Tuesday, December 29, 2009

Italian Rosemary Bread

As mentioned in our earlier blog, today we tried baking an Italian rosemary bread. We were amazed by the outcome as we did know what to expect. The bread is soft and tender... kind of melt in your mouth texture. This is our first non-artisan bread. The only mistake we made was to be too artistic and cut a cross on top of the loaf before putting it into the oven. Subsequently, we learned that for non-artisan bread, it was not necessary to do so as it will not crack and open up. Anyhow, it is a blessing in disguise and the bread turn out unique in it's own way.

Besides, we also learned that brushing loaf with some egg before putting into the oven gives the bread an appealing shiny look. Don't you think so?

Now, here you go the recipe:

Italian Rosemary Bread

  • 1 1/2 tbsp white sugar
  • 1 1/2 cups warm water
  • 1 1/2 tsps active dry yeast
  • 1/2 tsp salt
  • 1 tbsp butter, softened
  • 1 tbsp chopped fresh rosemary
  • 1/2 tsp Italian seasoning
  • 1 1/2 cups bread flour
  • 1 tsp olive oil
  • 1/2 egg beaten
  • 1/4 cup cornmeal for dusting
  1. Dissolve sugar in warm water in a medium size bowl.
  2. Mix yeast into the sugary warm water and leave it aside for 4 minutes.
  3. Add in salt, butter, 3/4 of the rosemary and the Italian seasoning. Blend well.
  4. Mix in 1 cup of bread flour and slowly add in the remaining bread flour gradually.
  5. Knead the dough for 5-8 minutes.
  6. Shape the dough into a dome shape loaf.
  7. Coat inside a large bowl with the olive oil.
  8. Place the dome-shaped loaf inside the large bowl and cover it.
  9. Allow it to rise until it is doubled for 1 hour in a warm environment.
  10. After an hour, remove the dough from the bowl and place it on a lightly floured table and punch it down to release air.
  11. Shape the dough back into a dome shape loaf and place on a cornmeal dusted parchment paper.
  12. Allow it to rise until it is doubled for another 1 hour in a warm environment.
  13. Preheat oven to 375 degrees F/190 degrees C.
  14. Brush loaf with egg and sprinkle the top with the remaining rosemary.
  15. Bake 18-20 minutes in the preheated oven, or until golden brown.
Enjoy baking......

Project of the week - Rosemary Breads

Since we have a lot fresh rosemary herb left over from the Xmas Eve dinner, our project for this week is none other than rosemary breads.

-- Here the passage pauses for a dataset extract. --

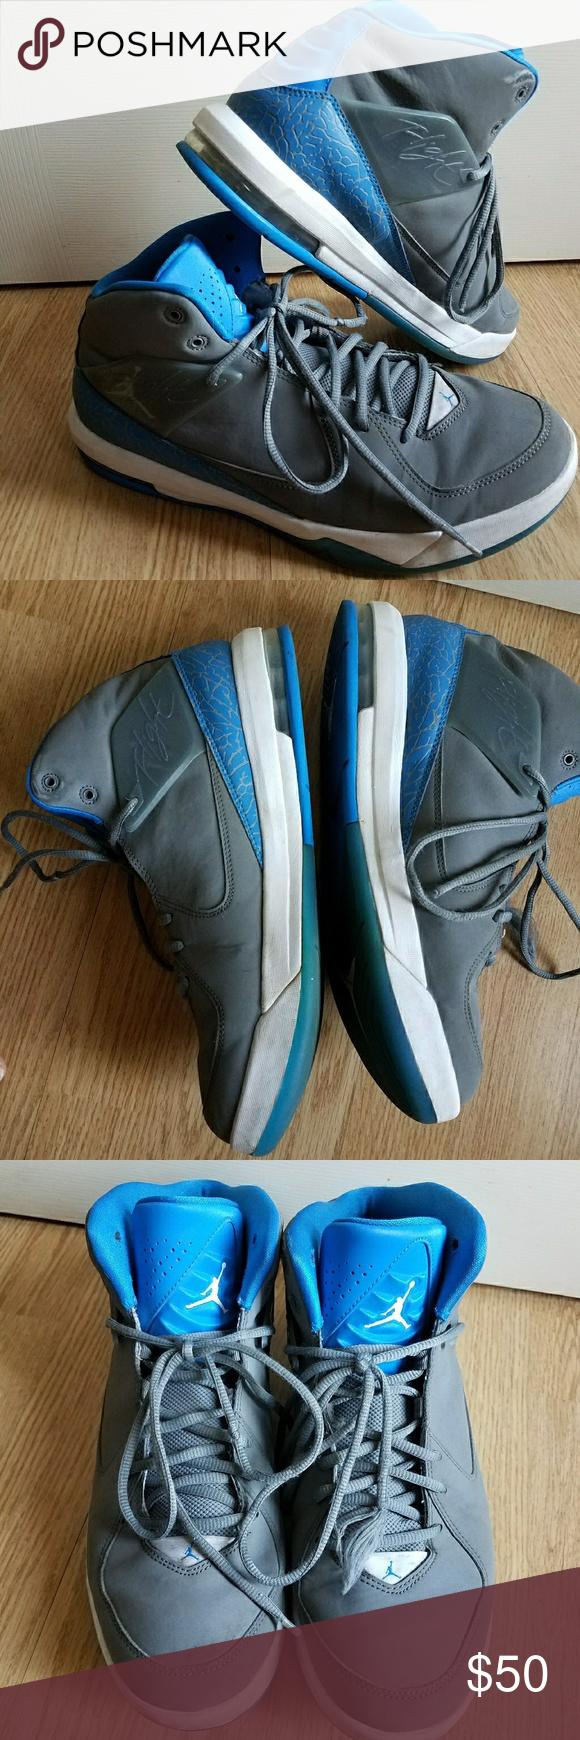 Air Jordan Flight Incline Basketball Shoes Air jordans

We are currently experimenting with 2 different types of rosemary breads:
  • Walnut Raisin Rosemary Bread; and
  • Italian Rosemary Bread.
Still awaiting for the breads to rise. As what Peter Reinhart mentioned in "The art of baking bread" in (, may our baking fortunes be showered with the ol' baker's blessing - May the crust be crisp and the bread always rise!

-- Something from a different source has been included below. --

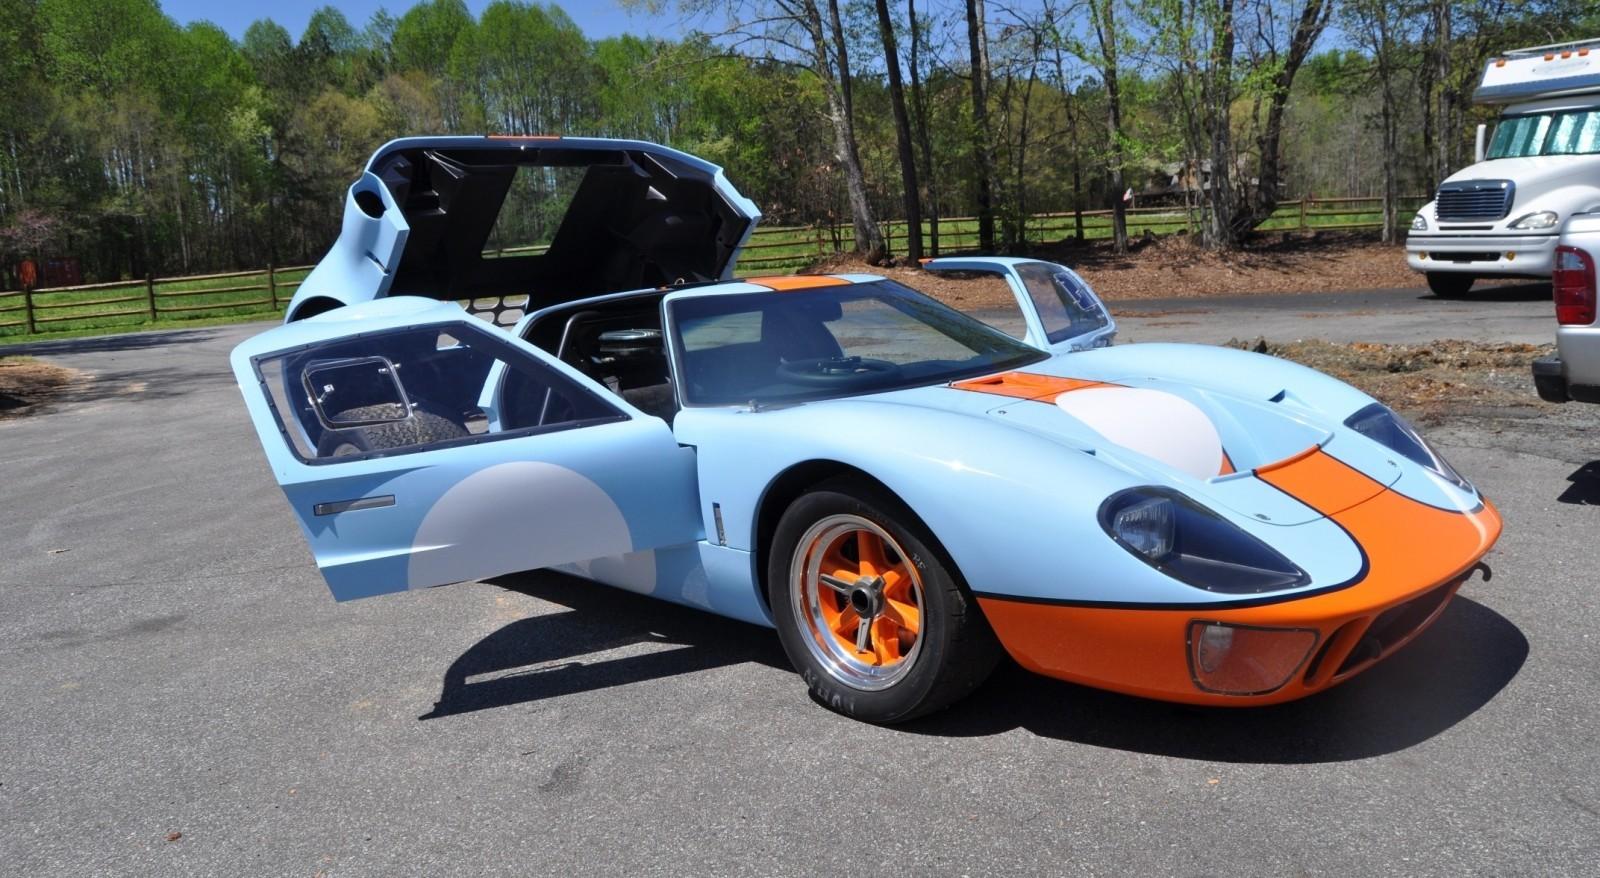 2014 Superformance GT40 Mark I - MEGA Photo Shoot and Ride-Along Videos 69

We will update again as soon the breads are out from the oven. Keep posted!

The 3 Elements of Bread Baking

The 3 most important elements in baking a loaf of bread is none other than:
  • Ingredients;
  • Temperature; and
  • Timing.
By mastering these 3 elements, you can create all kind of breads. We have just started embarking on our journey to master the art of baking. Along the journey, we will share our experiences here in this blog. Wish us luck!

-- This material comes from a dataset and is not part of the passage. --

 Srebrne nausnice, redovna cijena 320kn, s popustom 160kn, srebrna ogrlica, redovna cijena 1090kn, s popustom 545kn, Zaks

Saturday, December 26, 2009

Our Very First Loaf

My wife and I, we're bread lovers. Yes we enjoy our bread very much.
We would buy about at least 2 loafs every week, if not 2 and 1/2. We'll use it for various things - either for sandwich or with butter and jam.
So we figured what better things to learn than to make your own bread. This we did. So we embarked on making our first loaf not very long ago and as you can see below is the picture of the end result.

It may not be much, but it tasted just like other breads we've bought out there.
To make your basic loaf like did, there are 4 key ingredients
  1. Salt
  2. Flour - we used all purpose white flour for now
  3. Water (lukewarm)
  4. Yeast
The steps are pretty simple too. You'll need to:
  1. Mix your yeast with the water.
  2. Then simply mix the salt and flour.
  3. Then stir until you get a wet dough mixture.
  4. Simply leave the dough covered for about 2 hours to allow it to rise.
  5. Then, once it has risen, you'll need to knead the dough a little. Add flour (if necessary) to avoid it being sticky to your fingers.
  6. Shape it according to whimps and fancy. Allow it to rest for another 1/2 hour.
  7. Then simply cut any design of your liking at the top of the dough. The idea is to allow a crack for the dough to expand when baking it.
  8. Once you've done that, simply place the dough onto a tray (with a parchment paper beneath it).
  9. As for your oven, you should have already set it to pre-heat at 350F. Then place the tray into your over, whist you place a smaller tray with water below in the oven as well (to allow for moisture in the oven during the baking process).
  10. Bake the bread for 40 minutes. Of course, check it from time to time to see if its ready as some oven may be hotter than others.

Prologue (prō'lôg', -lŏg')

Hi All,

We decided to start a new blog called Bedtime bakers. Why the name? Well, we love baking things and the weirdest thing about our baking habit is that we often find ourselves baking at night. Well, although we've been doing it for awhile, we've just decided to start writing down our exploits only recently. Thus, we're not too sure how this would continue, but we hope we'll be able to pursue and maintain some form of discipline in updating this blog from time to time, especially when just completing a crazy baking session.

So that being said, let the craziness begin and hope we'll be able to share our thoughts with like-minded folks out there as well.